Description
Code Sample, a copy-pastable example if possible
from decimal import *
import pandas as pd
df = pd.DataFrame(
{'name': ['foo', 'bar', 'foo', 'bar'],
'title': ['boo', 'far', 'boo', 'far'],
'id': [123, 456, 123, 456],
'int_column': [1, 2, 3, 4],
'dec_column1': [Decimal('0.50'), Decimal('0.15'), Decimal('0.25'), Decimal('0.40')],
'dec_column2': [Decimal('0.20'), Decimal('0.30'), Decimal('0.55'), Decimal('0.60')]
},
columns=['name','title','id','int_column','dec_column1','dec_column2']
)
df.groupby(['name', 'title', 'id'], as_index=False).sum()
Expected Output
i have dataframe that looks something like this...
| name | title | id | int_column | dec_column1 | dec_column2 |
...that has multiple rows with the same name, title, and id, but different values for the 3 number columns (int_column, dec_column1, dec_column2).
int_column == column of integers
dec_column1 == column of decimals
dec_column2 == column of decimals
I would like to be able to groupby the first three columns, and sum the last 3. I would expect to be able to do the following:
df = df.groupby(['name', 'title', 'id'], as_index=False).sum()
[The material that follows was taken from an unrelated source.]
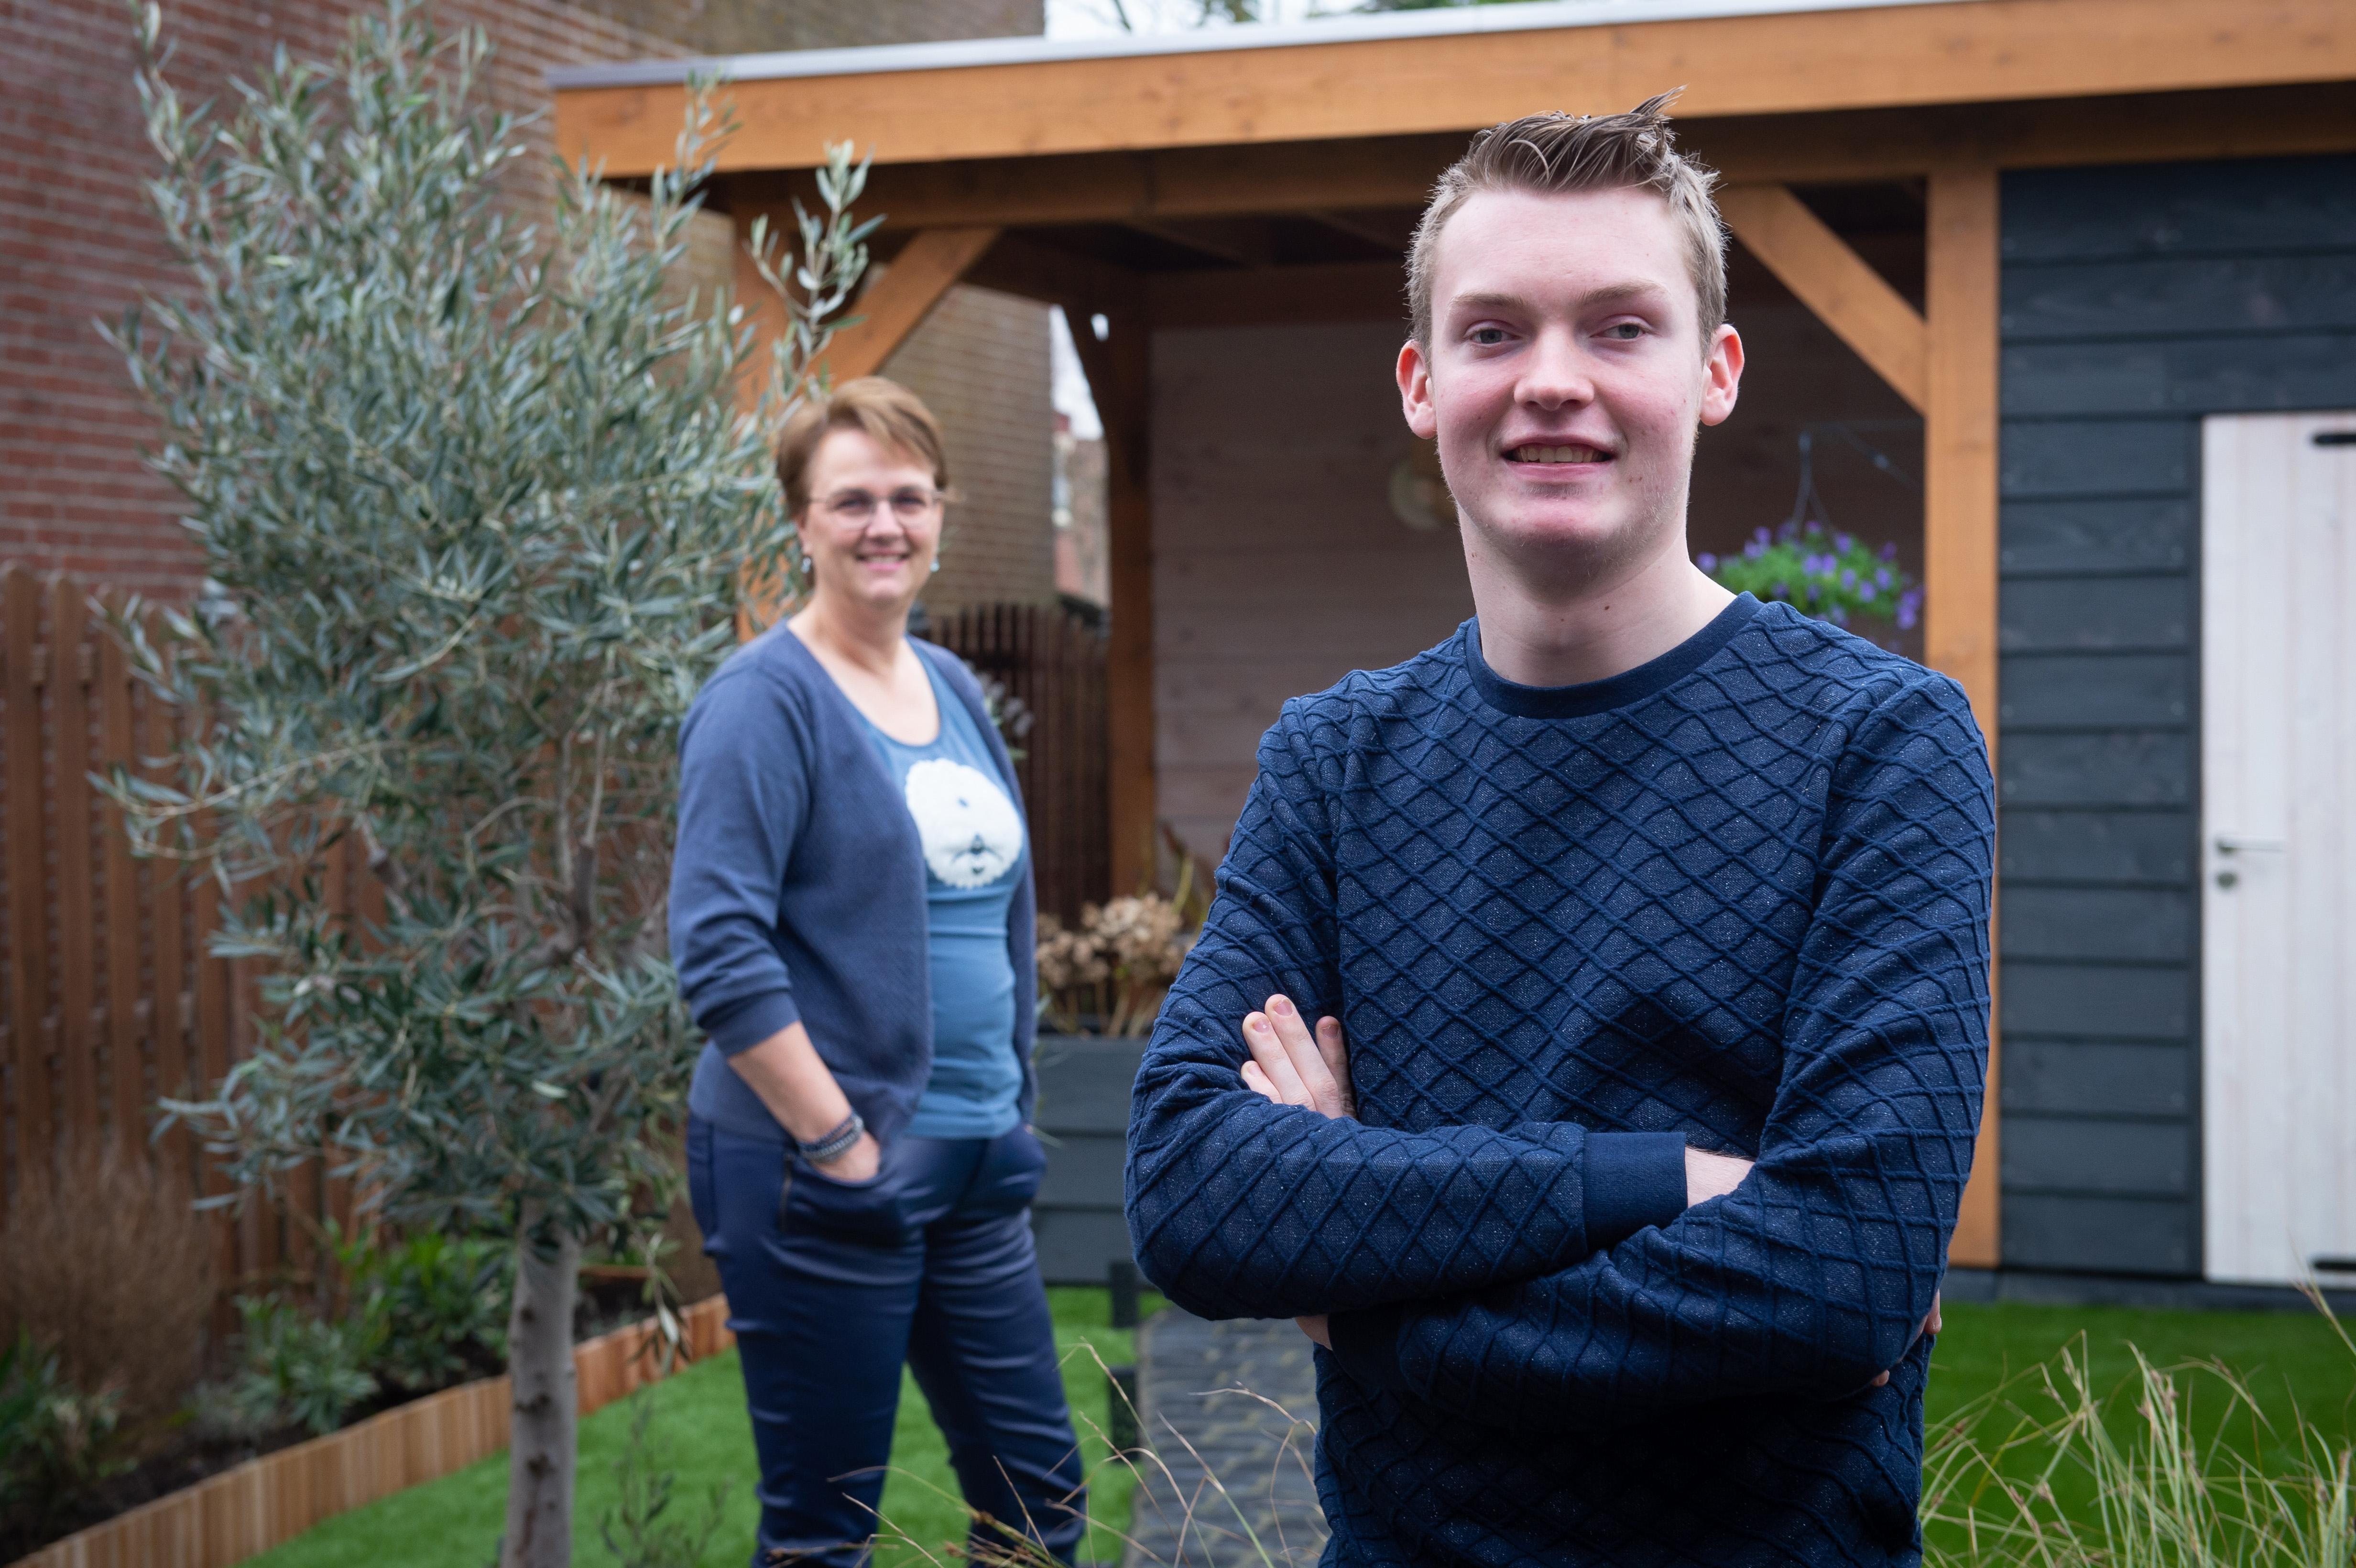 Coach Anita van Floor Jongerencoaching helpt kwetsbare jongeren op weg, zoals de bijna blinde Mike uit Assendelft die bakker wilde worden. 'Ik heb een jaarcontract gekregen'

however, the only column that gets summed and ends up in the final dataframe is the int_column.
| name | title | id | int_column |
if i explicitly name the columns, i can get the statement to target the decimal columns either on their own or together....
df = df.groupby(['name', 'title', 'id'], as_index=False)['dec_column1'].sum()
returns...
| name | title | id | dec_column1 |
and...
df = df.groupby(['name', 'title', 'id'], as_index=False)['dec_column1', 'dec_column2'].sum()
returns...
| name | title | id | dec_column1 | dec_column1 |
however...
df = df.groupby(['name', 'title', 'id'], as_index=False)['dec_column1', 'dec_column2', 'user_num'].sum()
or...
df = df.groupby(['name', 'title', 'id'], as_index=False)['dec_column1', 'user_num', 'dec_column2'].sum()
or...
df = df.groupby(['name', 'title', 'id'], as_index=False)['user_num', 'dec_column1', 'dec_column2'].sum()
returns...
| name | title | id | int_column |
output of pd.show_versions()
INSTALLED VERSIONS
commit: None
python: 3.5.1.final.0
python-bits: 64
OS: Darwin
OS-release: 15.3.0
machine: x86_64
processor: i386
byteorder: little
LC_ALL: None
LANG: None
pandas: 0.15.2
nose: 1.3.7
Cython: 0.22.1
numpy: 1.11.1
scipy: None
statsmodels: None
IPython: 5.0.0
sphinx: None
patsy: None
dateutil: 2.5.3
pytz: 2016.6.1
bottleneck: None
tables: None
numexpr: None
matplotlib: 1.5.1
openpyxl: 2.3.5
xlrd: None
xlwt: None
xlsxwriter: None
lxml: None
bs4: None
html5lib: None
httplib2: None
apiclient: None
rpy2: None
sqlalchemy: None
pymysql: 0.7.5.None
psycopg2: 2.5.5 (dt dec pq3 ext)